The finalist is Julie Jackson Piper, and she's a familiar face at the mountain. She currently runs recreation for Richland, Washington, but she's worked for Juneau before — as the city's aquatics manager and, earlier, in two roles at Eaglecrest itself, coordinating youth and community outreach and supervising the snowsports school. That local history is part of the pitch: someone who already knows the hill and the community rather than an outside hire learning both from scratch.
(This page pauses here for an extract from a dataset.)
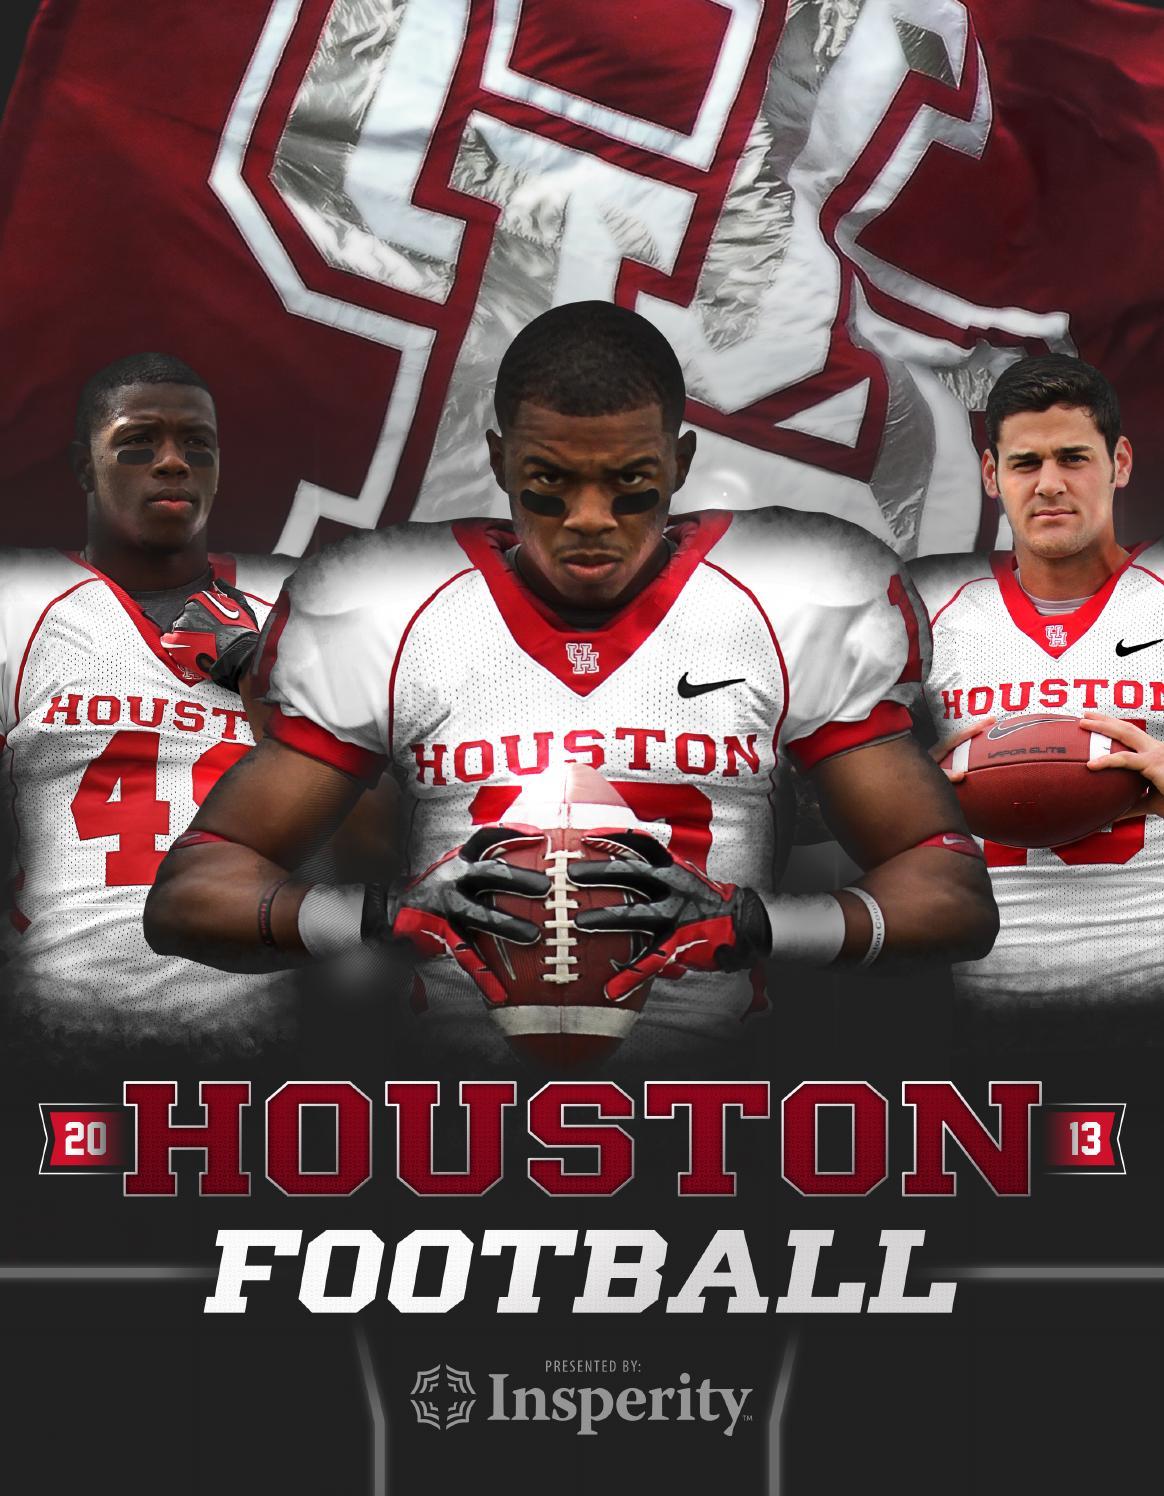 2013 Houston Football Media Guide by David Bassity - issuu
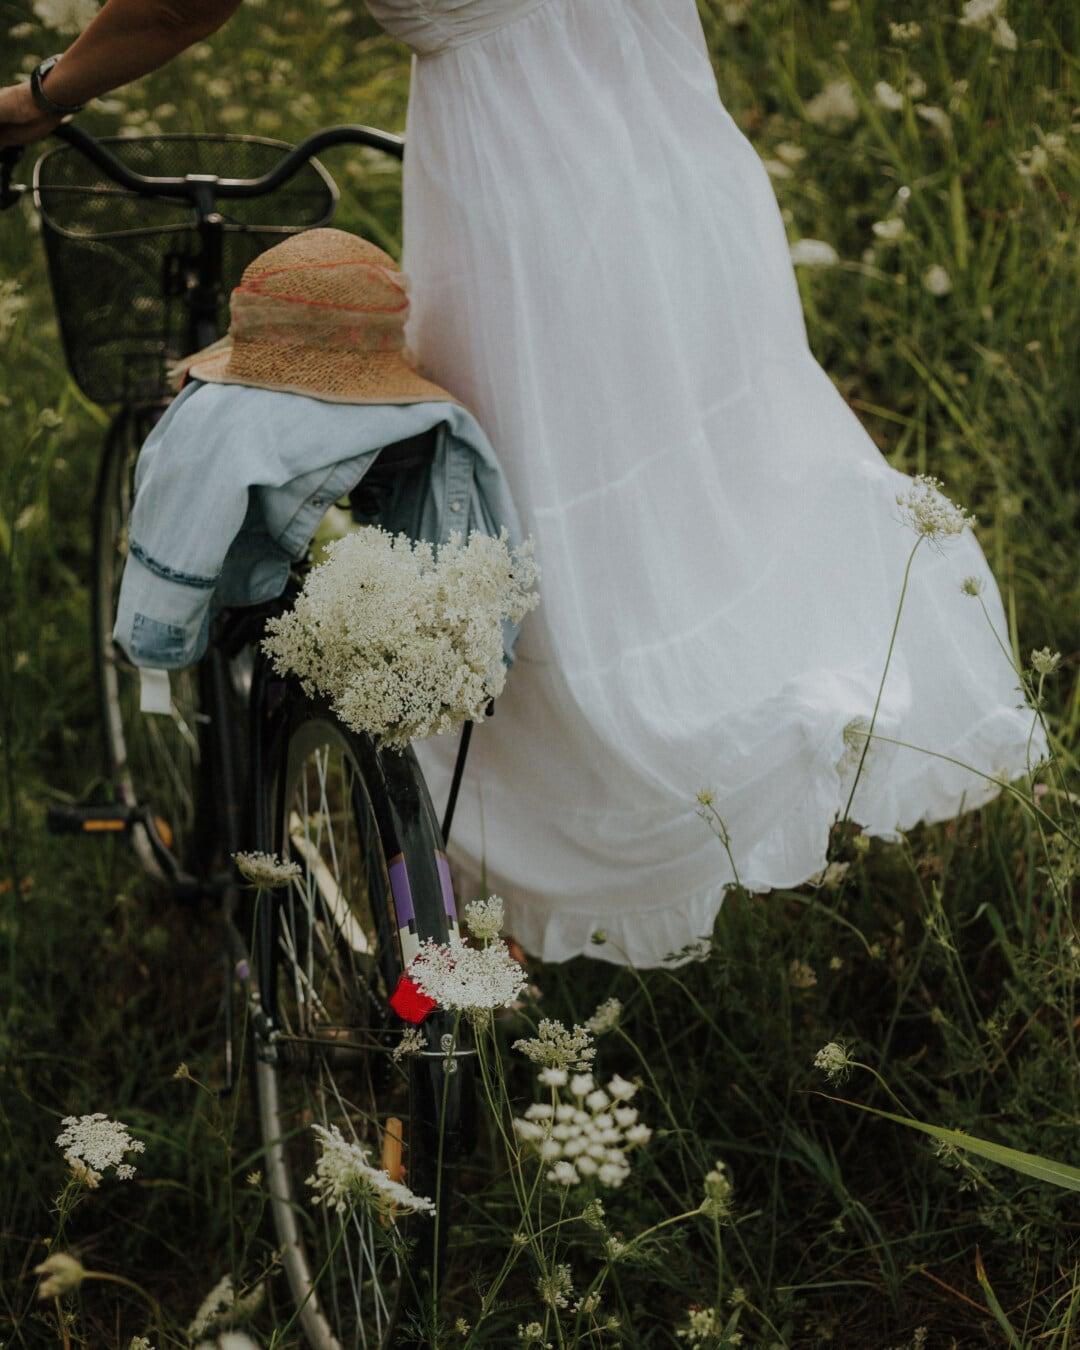 bicycle, girl, dress, wildflower, hat, nostalgia, vintage, bride, flower, engagement

The more intriguing item is the one the agenda won't explain. Before or alongside the interview, the board has scheduled a separate conversation with Goldbelt, Juneau's urban Alaska Native corporation and one of the region's major institutions, with more than 3,800 mostly Tlingit shareholders. The agenda doesn't say what the discussion is about, and neither Eaglecrest nor Goldbelt has offered a public explanation. For a small public ski area that has spent recent years working to become a year-round operation, a sit-down with a corporation of Goldbelt's reach is worth noticing — even if, for now, its purpose is unstated.
Residents who want to weigh in have several openings: two general public-comment periods plus the written forms collected after the interview. The board will then move into a closed session to discuss confidential details about the candidate, permitted under the state's open-meetings law. The meeting is at 5:30 p.m. July 2 in Assembly Chambers, and open by Zoom for anyone who can't attend in person.